_Your goal:_
Lines from the one with "Eyewear Pilot Foldable" up to and including the one with "Clonex Clone Solution quart" are to be copied exactly from the records below, without their pictures.

_Provided data:_

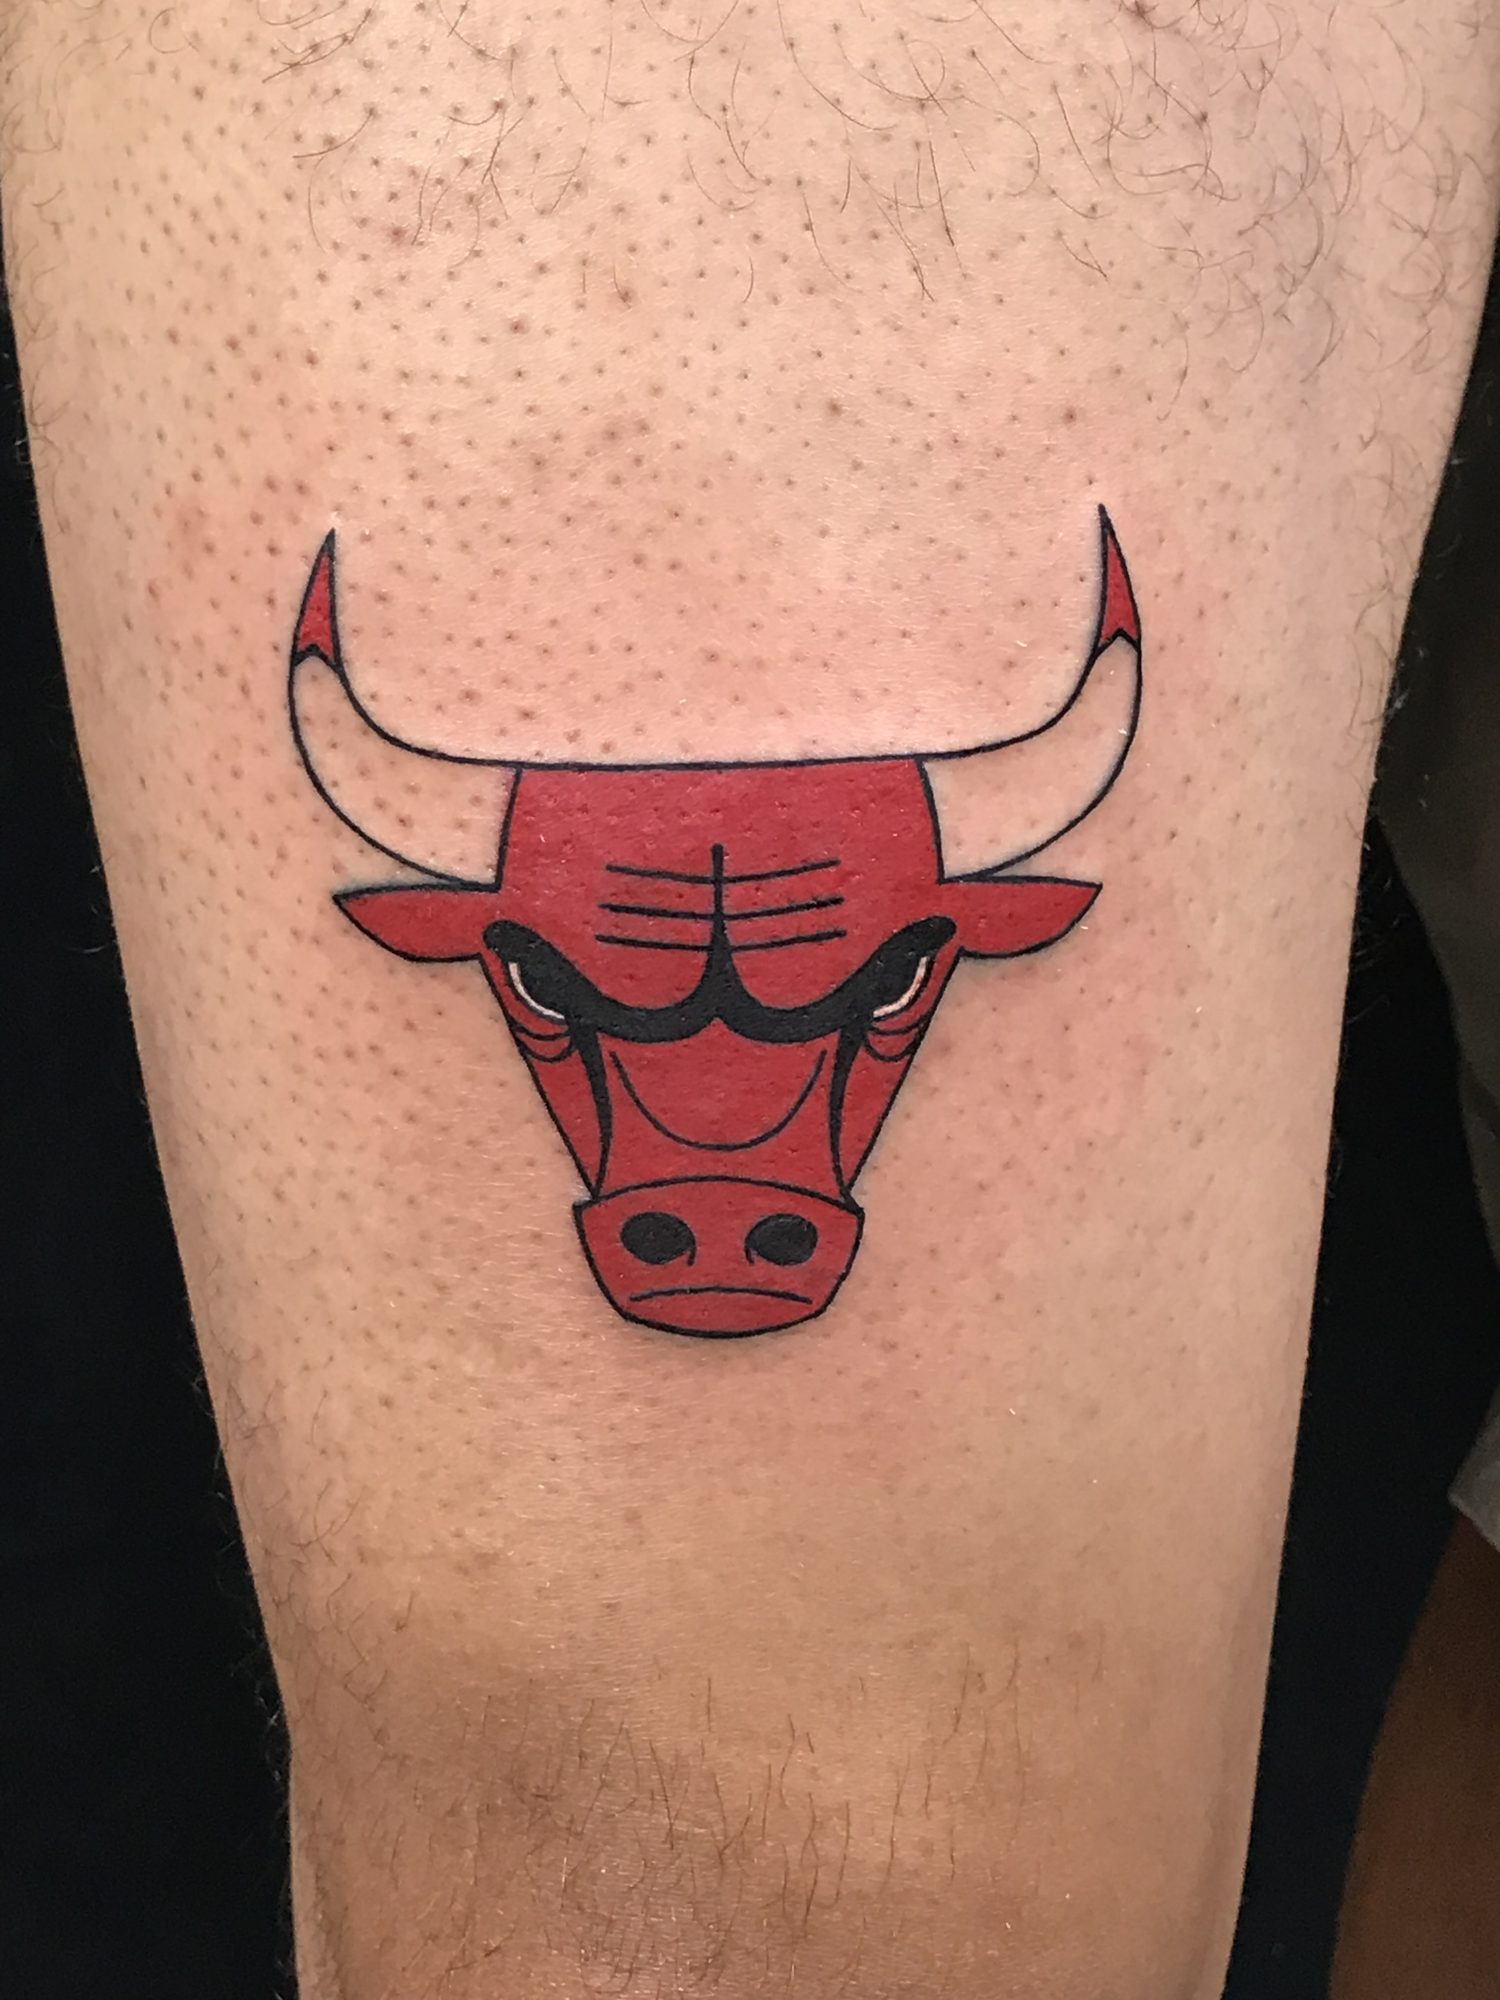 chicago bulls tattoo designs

* * *

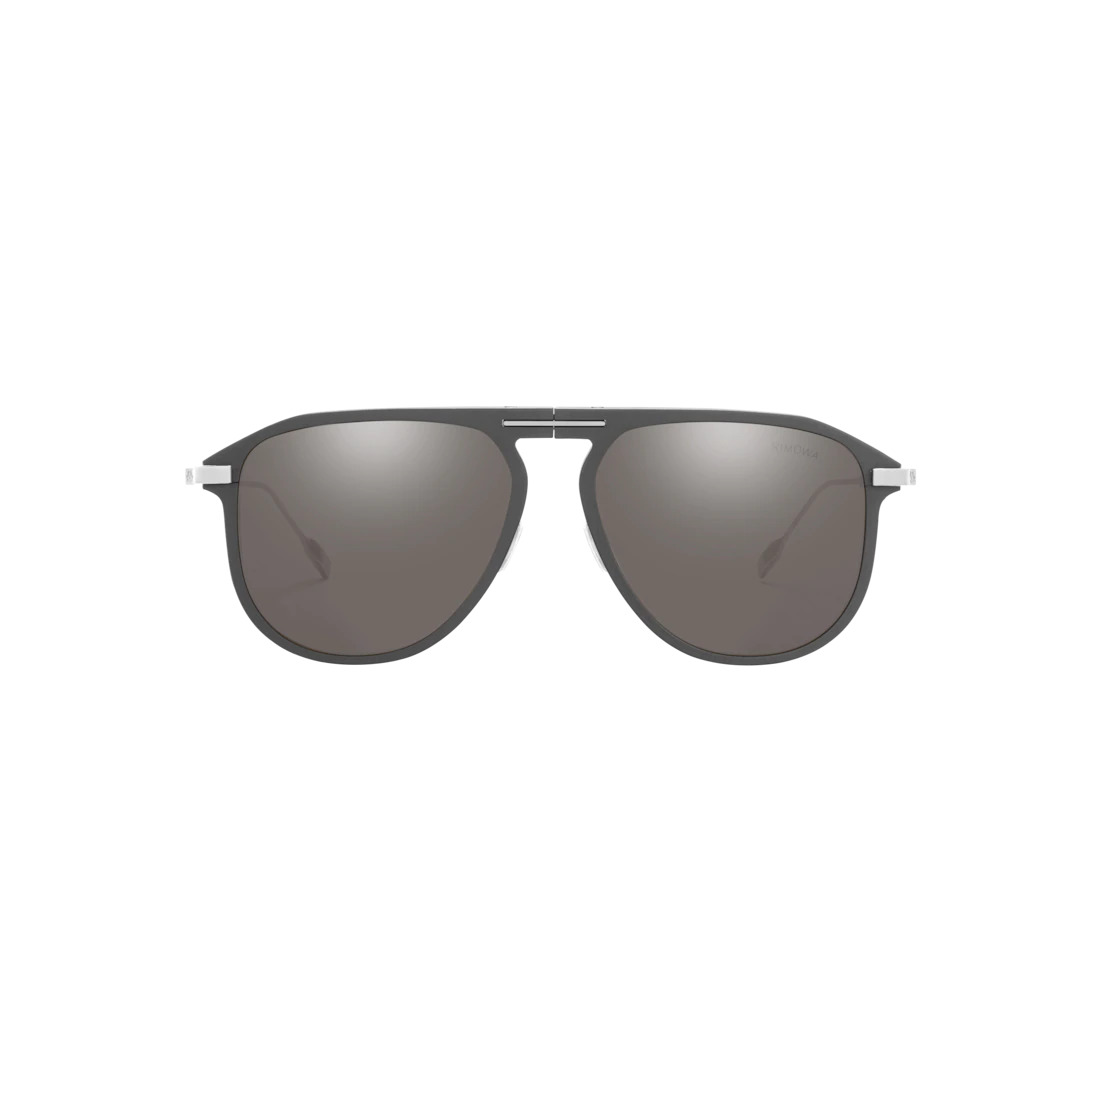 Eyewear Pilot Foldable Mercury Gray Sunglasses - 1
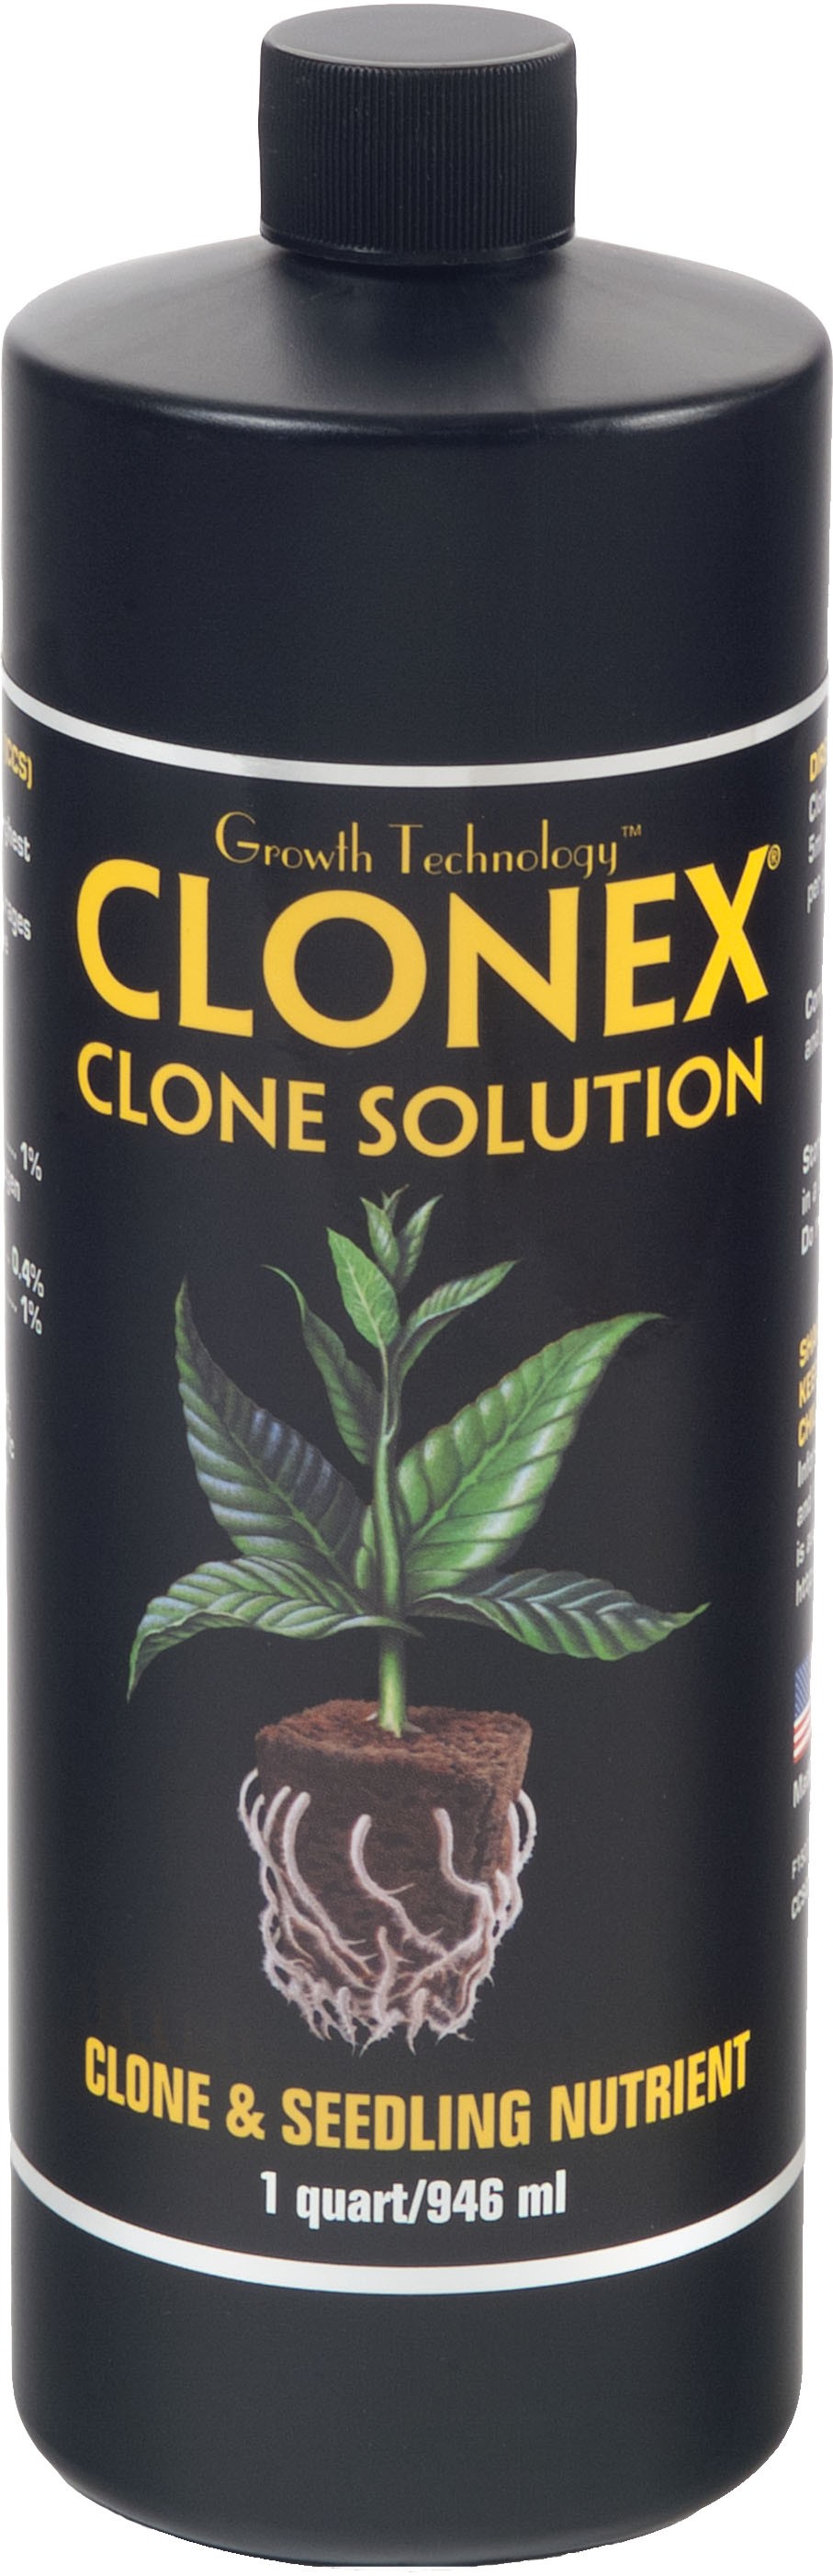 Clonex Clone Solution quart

---

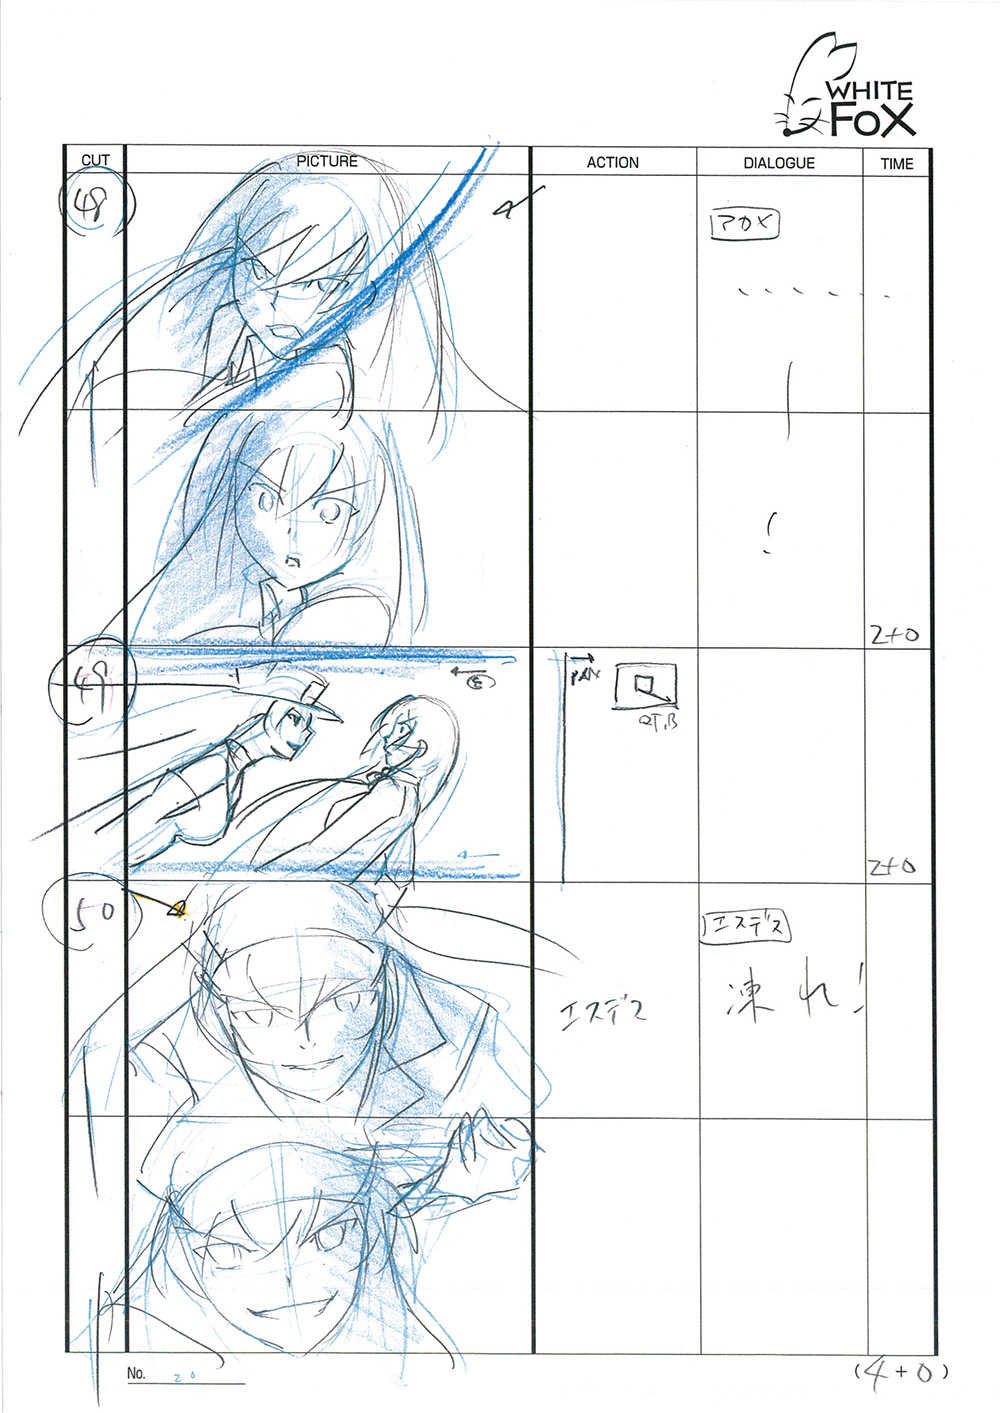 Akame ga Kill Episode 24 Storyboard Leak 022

_Output for this task:_
 Eyewear Pilot Foldable Mercury Gray Sunglasses - 1
 Clonex Clone Solution quart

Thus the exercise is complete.